April 2009, Focus: Green Business
Green building can prove conventional wisdom wrong
Conventional wisdom says building green has to cost more. Hoffman LLC, the Appleton planning, architectural and construction management firm that built Northern Pines High School in Eagle River, the nation’s first public high school to obtain LEED-Gold certification, emphatically disagrees.
“Northern Pines cost 23 percent less than the national median cost of $150 per square foot for high schools built in 2006,” emphasizes Paul Hoffman, owner and CEO of the company. The company also built River Crest Elementary School in Hudson, which opened last fall and is seeking certification at the gold level under the new LEED for Schools rating system. It is coming in at 9 to 10 percent less than the average for new schools in the area.
Mark Hanson, Hoffman’s director of Sustainable Services, elaborated on four steps to build an environmentally sustainable project at or less than conventional construction costs. They are:
Frame the question properly. Rather than asking how much more a green building will cost, ask how to provide a green building at less than conventional cost.
Use integrated project delivery. This involves managing the project with a team of planners, architects and designers, and construction managers from start to finish. Hoffman’s system with one contract and a single source of responsibility provides direct communication with its clients and earlier cost identification, Hanson says. The company bids out all contracts, and considered 260 bids for Northern Pines.
Utilize high-performance, energy conscious design principles and construction practices. This entails using designs that meet standards such as those of the Leadership in Environmental and Engineering Design (LEED) of the U.S. Green Building Council. LEED considers sustainable sites, water efficiency, energy and atmospherics, materials and resources, and indoor environmental quality.
Apply value trading. Value trading, Hanson explains, is working with the customer and Hoffman team to find ways to cut costs in some areas to allow for sustainable features that are more expensive in other areas. At Northern Pines High School, for example, the company used concrete brick that could be applied in modules to save 40 percent on material costs over conventional brick.
Hoffman represents the fourth generation of his family to run a construction business in Appleton. His company began delving into green building in 1997 and built an environmentally friendly headquarters in the Greenville Center near the Outagamie County Airport. In 2001, Hoffman hired Hanson, the former director of the Energy Center of Wisconsin, and went exclusively into green building.
Since then the Hoffman company and the construction industry have made great strides on integrated design and construction strategies, energy efficient mechanical, electrical and plumbing systems, environmentally friendly materials and sustainable technology advancements. Hoffman speaks of the Greenville Center as a “first generation” project. The firm is now in its “fifth generation” of green projects, he says.

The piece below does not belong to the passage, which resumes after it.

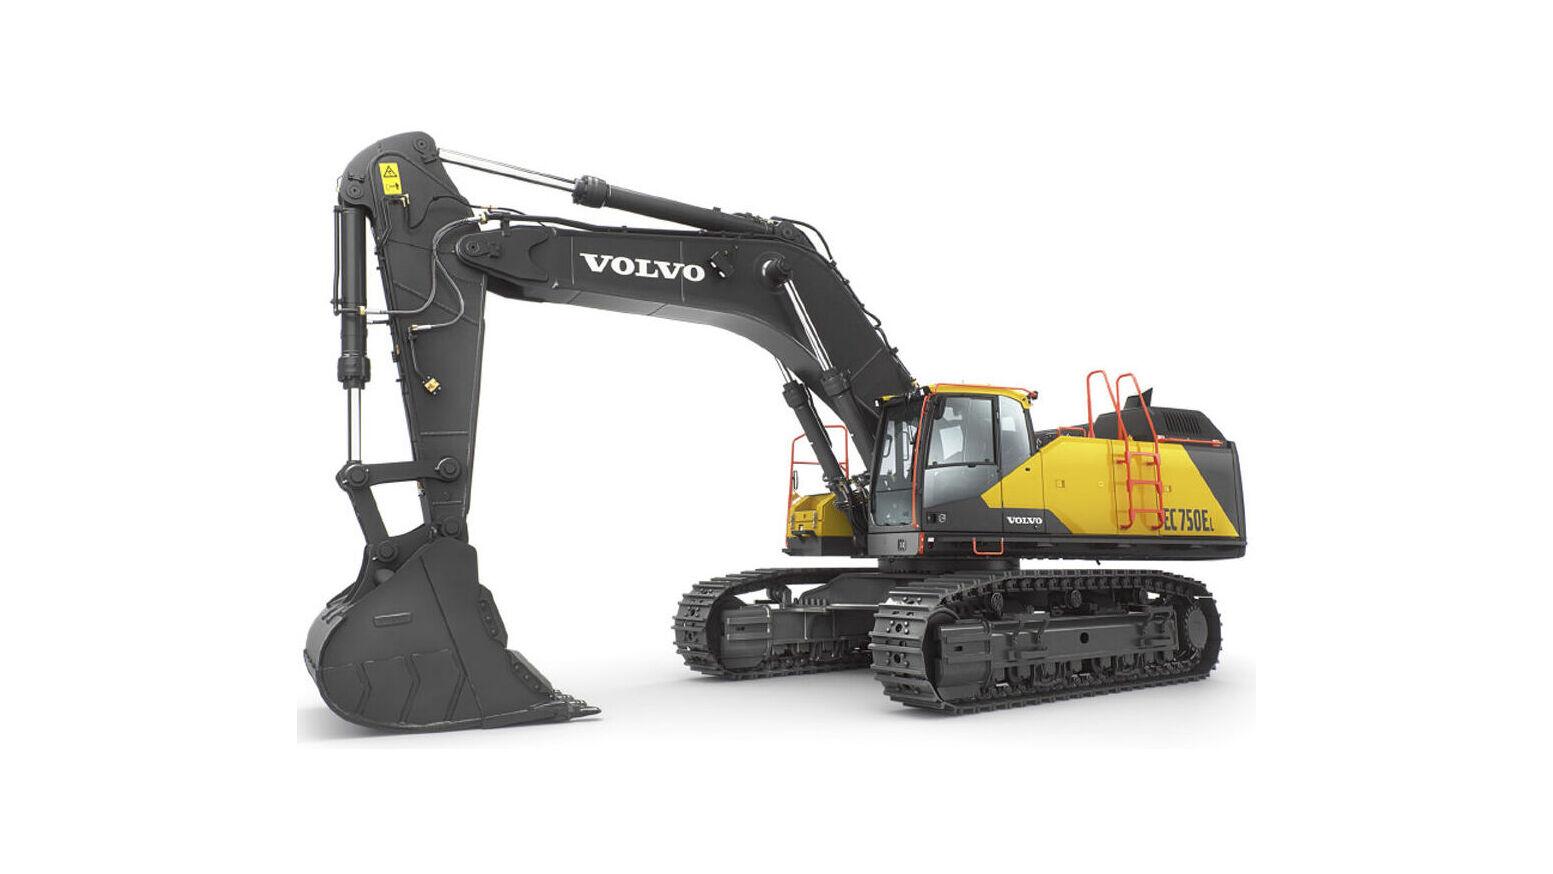 Productiviteitsverhoging met Volvo EC750E graafmachine - SMT

A new phase for the company came in 2007 when Hoffman sold the Greenville Center and moved the more than 50 employees to a new headquarters in the City Center East building in the heart of Appleton’s downtown. The new headquarters is an adaptive re-use of a former department store that includes many sustainable features. “You’re sitting eight feet from the former women’s lingerie department,” Hoffman quips to a visitor to his office.

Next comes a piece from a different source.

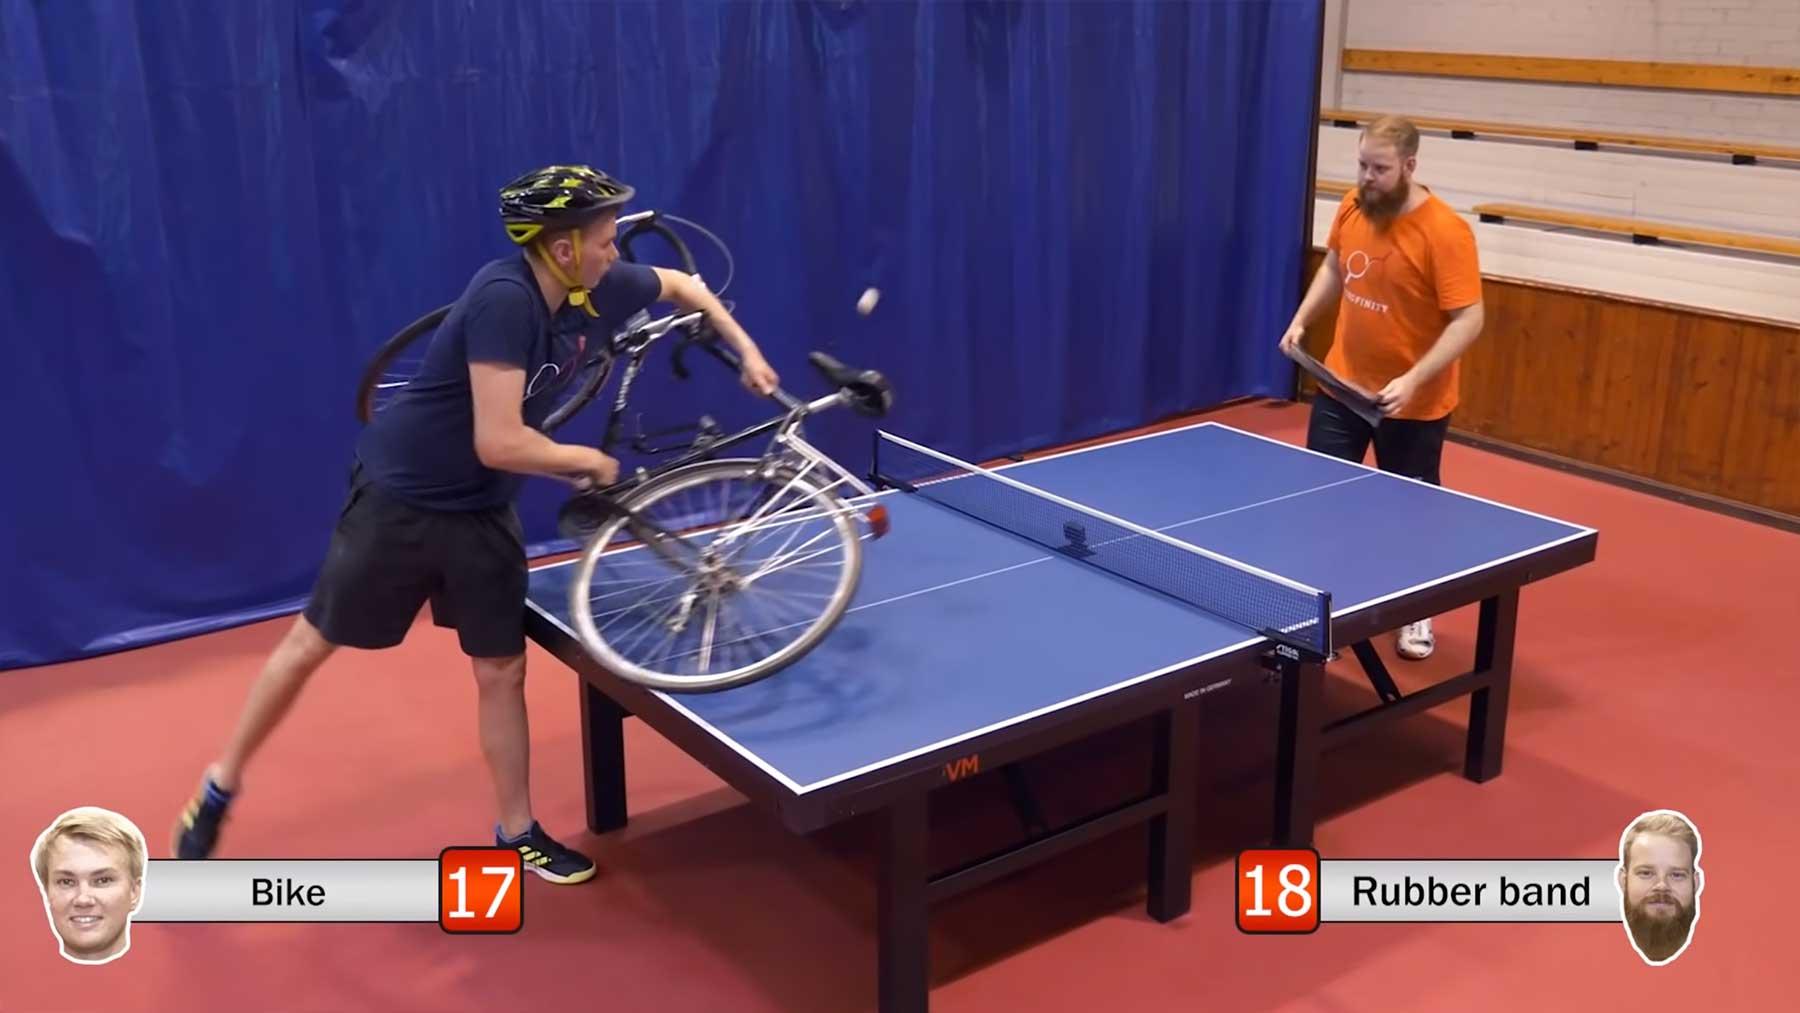 Tischtennis mit einem Fahrrad als Schläger spielen

Since the Fox Cities had a vacancy rate of 20 percent for office space, it made sense to re-use the building and help revive Appleton’s downtown, Hoffman says. At the same time, the new headquarters allowed the company to prepare for the recession by substantially reducing the cost per employee of its headquarters overhead.
In a time of economic downturn, Hoffman is advising potential clients to look for energy saving projects with short payback periods that would be advantageous even if federal economic stimulus funds aren’t available for them. These include replacing outdated, inefficient windows and lighting, upgrading heating and cooling systems, replacing deteriorating roofs, increasing insulation, remodeling or repairing old facades and upgrading plumbing with water-saving features.